French banks cut lending by $200 billion in fourth quarter - BIS
LONDON (Reuters) - French banks cut their overseas lending by almost $200 billion (130 billion pounds) in the final quarter of last year, adding to an even sharper retreat in the previous three months and highlighting the scale of their loan pull-back, international lending data show.
The Bank for International Settlements (BIS), which charts cross-border borrowing around the world, said French banks cut their cross-border lending by $197 billion in the fourth quarter, or 5.3 percent.
That followed an even steeper drop of 7.1 percent in the previous quarter, the sharpest fall by French banks for at least 12 years, the BIS said.
BNP Paribas (BNPP.PA), Societe Generale (SOGN.PA) and others in France and around Europe are shrinking their loan books to meet tougher rules on capital requirements.

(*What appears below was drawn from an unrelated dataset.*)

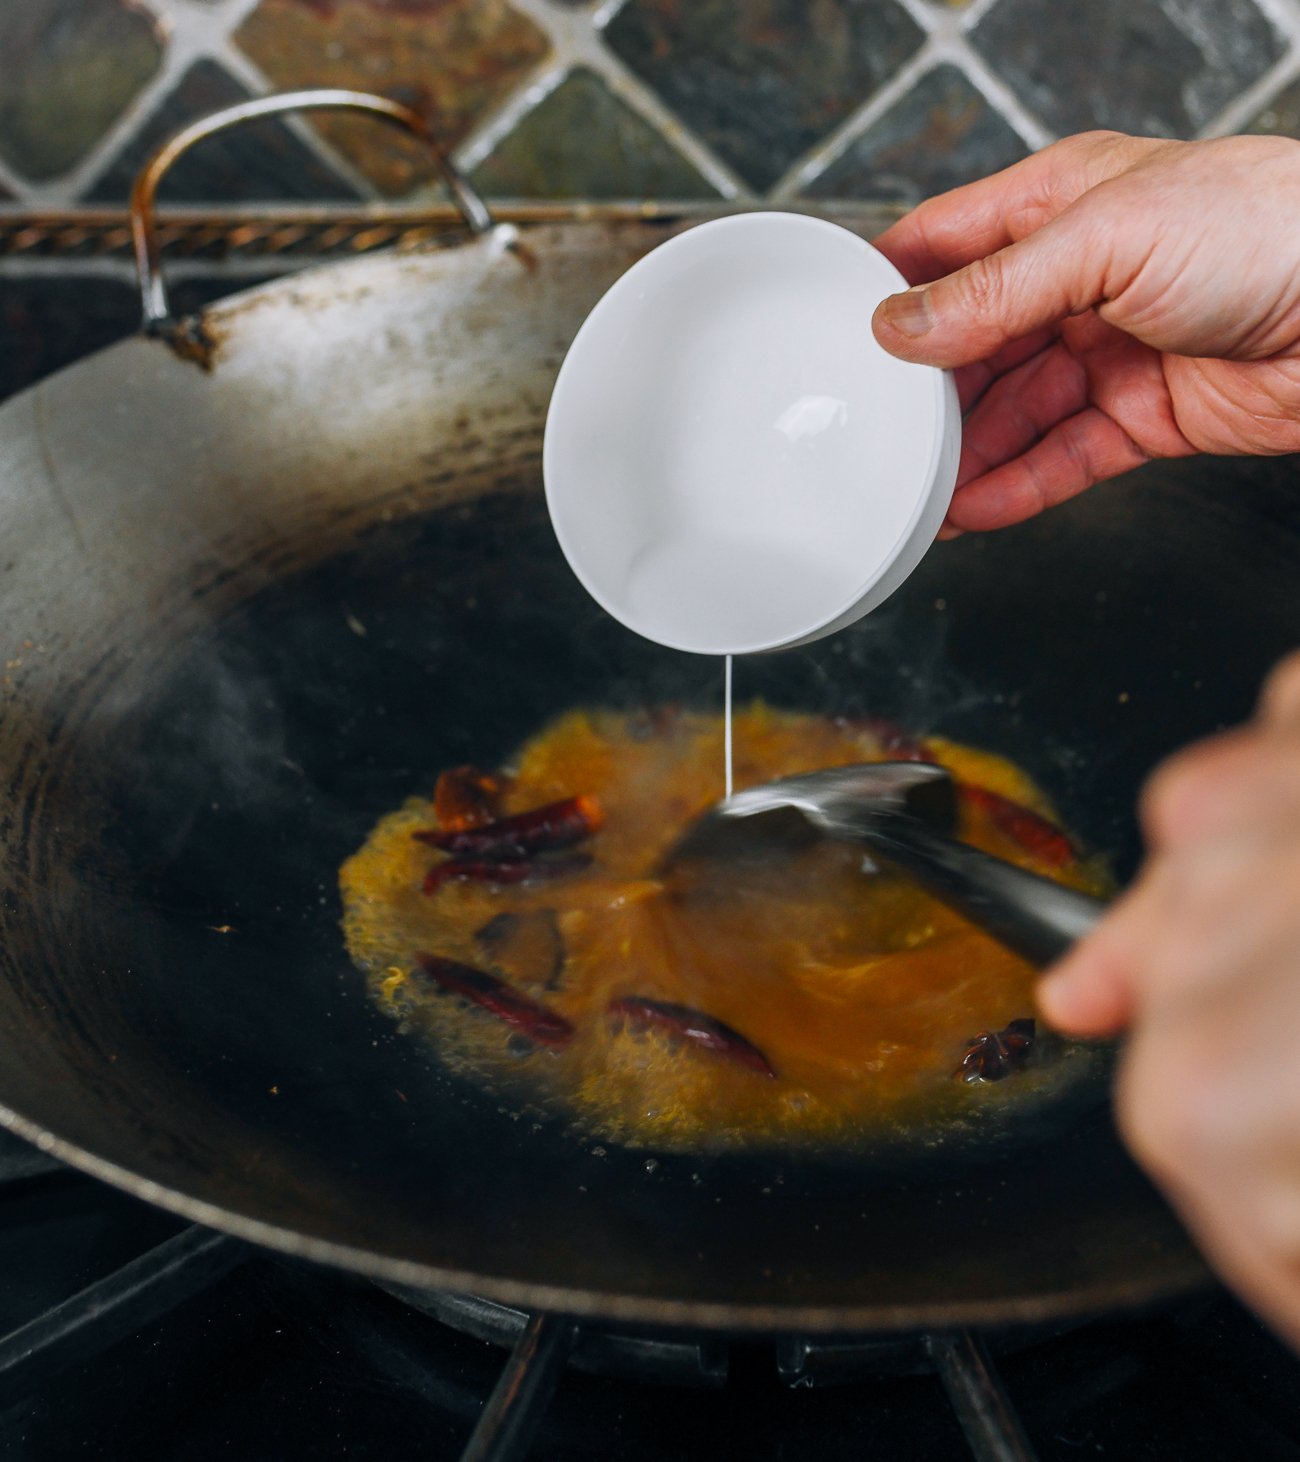 agregar lechada de maicena a la salsa en el wok

But the pace of shrinking, or "deleveraging", is raising concern it will choke off Europe's recovery attempts.
Global lending by banks fell $799 billion in the fourth quarter, or 2.5 percent, the biggest fall since the drop seen after the collapse of U.S. investment bank Lehman Brothers three years ago, the BIS data show.
It was led by deleveraging by banks based in the euro zone, which cut lending by $584 billion in the fourth quarter, or 4.7 percent.
In addition to the French lending retreat, there were also steep drops by banks in Spain ($35 billion, or 5.3 percent), Germany ($181 billion, or 4.7 percent) and Italy ($32 billion, or 3.5 percent), the BIS data show.
Most of the contraction was in lending to other banks, which accounted for $637 billion of the global decline, as international banks cut loans to banks in the euro zone. Lending to companies and other non-banks dropped by $162 billion.